> THE TASK: Exactly as written, transcribe each record below.

Collection entries:
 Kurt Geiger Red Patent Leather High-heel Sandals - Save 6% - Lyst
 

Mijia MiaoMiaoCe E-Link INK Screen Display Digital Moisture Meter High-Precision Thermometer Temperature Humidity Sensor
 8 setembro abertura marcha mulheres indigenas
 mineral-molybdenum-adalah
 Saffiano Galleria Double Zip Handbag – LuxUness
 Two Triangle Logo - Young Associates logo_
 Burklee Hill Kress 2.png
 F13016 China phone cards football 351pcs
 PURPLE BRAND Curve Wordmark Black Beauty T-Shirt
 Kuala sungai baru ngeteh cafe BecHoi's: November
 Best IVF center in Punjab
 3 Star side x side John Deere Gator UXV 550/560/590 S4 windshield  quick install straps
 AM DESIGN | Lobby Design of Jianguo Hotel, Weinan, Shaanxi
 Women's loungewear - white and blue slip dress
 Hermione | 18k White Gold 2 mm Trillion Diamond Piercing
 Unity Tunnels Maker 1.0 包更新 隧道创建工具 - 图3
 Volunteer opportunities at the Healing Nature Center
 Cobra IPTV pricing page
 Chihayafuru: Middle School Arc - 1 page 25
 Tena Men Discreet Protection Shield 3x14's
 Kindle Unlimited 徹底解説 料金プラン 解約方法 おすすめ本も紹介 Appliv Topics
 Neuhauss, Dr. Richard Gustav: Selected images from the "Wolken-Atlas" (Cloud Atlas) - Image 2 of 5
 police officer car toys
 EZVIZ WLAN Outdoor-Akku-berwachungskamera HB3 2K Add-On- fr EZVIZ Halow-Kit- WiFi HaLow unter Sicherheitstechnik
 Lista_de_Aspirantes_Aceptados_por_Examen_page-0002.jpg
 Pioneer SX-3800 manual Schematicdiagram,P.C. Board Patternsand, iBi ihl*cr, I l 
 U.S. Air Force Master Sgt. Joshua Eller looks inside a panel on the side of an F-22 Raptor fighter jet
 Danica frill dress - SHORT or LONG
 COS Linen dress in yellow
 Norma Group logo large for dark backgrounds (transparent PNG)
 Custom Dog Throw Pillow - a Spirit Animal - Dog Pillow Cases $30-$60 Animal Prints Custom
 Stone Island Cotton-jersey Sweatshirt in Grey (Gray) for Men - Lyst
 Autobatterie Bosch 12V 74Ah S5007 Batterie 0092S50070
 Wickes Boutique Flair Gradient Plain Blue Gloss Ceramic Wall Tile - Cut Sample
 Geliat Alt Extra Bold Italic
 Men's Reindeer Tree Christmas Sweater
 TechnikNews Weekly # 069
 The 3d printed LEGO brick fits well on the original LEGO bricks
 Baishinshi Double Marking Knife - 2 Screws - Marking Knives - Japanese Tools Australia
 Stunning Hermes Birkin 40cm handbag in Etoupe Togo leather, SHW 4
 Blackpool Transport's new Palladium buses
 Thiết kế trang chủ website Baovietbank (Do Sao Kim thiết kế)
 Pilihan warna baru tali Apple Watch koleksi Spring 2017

> FINISHED EXERCISE:
 Kurt Geiger Red Patent Leather High-heel Sandals - Save 6% - Lyst
 

Mijia MiaoMiaoCe E-Link INK Screen Display Digital Moisture Meter High-Precision Thermometer Temperature Humidity Sensor
 8 setembro abertura marcha mulheres indigenas
 mineral-molybdenum-adalah
 Saffiano Galleria Double Zip Handbag – LuxUness
 Two Triangle Logo - Young Associates logo_
 Burklee Hill Kress 2.png
 F13016 China phone cards football 351pcs
 PURPLE BRAND Curve Wordmark Black Beauty T-Shirt
 Kuala sungai baru ngeteh cafe BecHoi's: November
 Best IVF center in Punjab
 3 Star side x side John Deere Gator UXV 550/560/590 S4 windshield  quick install straps
 AM DESIGN | Lobby Design of Jianguo Hotel, Weinan, Shaanxi
 Women's loungewear - white and blue slip dress
 Hermione | 18k White Gold 2 mm Trillion Diamond Piercing
 Unity Tunnels Maker 1.0 包更新 隧道创建工具 - 图3
 Volunteer opportunities at the Healing Nature Center
 Cobra IPTV pricing page
 Chihayafuru: Middle School Arc - 1 page 25
 Tena Men Discreet Protection Shield 3x14's
 Kindle Unlimited 徹底解説 料金プラン 解約方法 おすすめ本も紹介 Appliv Topics
 Neuhauss, Dr. Richard Gustav: Selected images from the "Wolken-Atlas" (Cloud Atlas) - Image 2 of 5
 police officer car toys
 EZVIZ WLAN Outdoor-Akku-berwachungskamera HB3 2K Add-On- fr EZVIZ Halow-Kit- WiFi HaLow unter Sicherheitstechnik
 Lista_de_Aspirantes_Aceptados_por_Examen_page-0002.jpg
 Pioneer SX-3800 manual Schematicdiagram,P.C. Board Patternsand, iBi ihl*cr, I l 
 U.S. Air Force Master Sgt. Joshua Eller looks inside a panel on the side of an F-22 Raptor fighter jet
 Danica frill dress - SHORT or LONG
 COS Linen dress in yellow
 Norma Group logo large for dark backgrounds (transparent PNG)
 Custom Dog Throw Pillow - a Spirit Animal - Dog Pillow Cases $30-$60 Animal Prints Custom
 Stone Island Cotton-jersey Sweatshirt in Grey (Gray) for Men - Lyst
 Autobatterie Bosch 12V 74Ah S5007 Batterie 0092S50070
 Wickes Boutique Flair Gradient Plain Blue Gloss Ceramic Wall Tile - Cut Sample
 Geliat Alt Extra Bold Italic
 Men's Reindeer Tree Christmas Sweater
 TechnikNews Weekly # 069
 The 3d printed LEGO brick fits well on the original LEGO bricks
 Baishinshi Double Marking Knife - 2 Screws - Marking Knives - Japanese Tools Australia
 Stunning Hermes Birkin 40cm handbag in Etoupe Togo leather, SHW 4
 Blackpool Transport's new Palladium buses
 Thiết kế trang chủ website Baovietbank (Do Sao Kim thiết kế)
 Pilihan warna baru tali Apple Watch koleksi Spring 2017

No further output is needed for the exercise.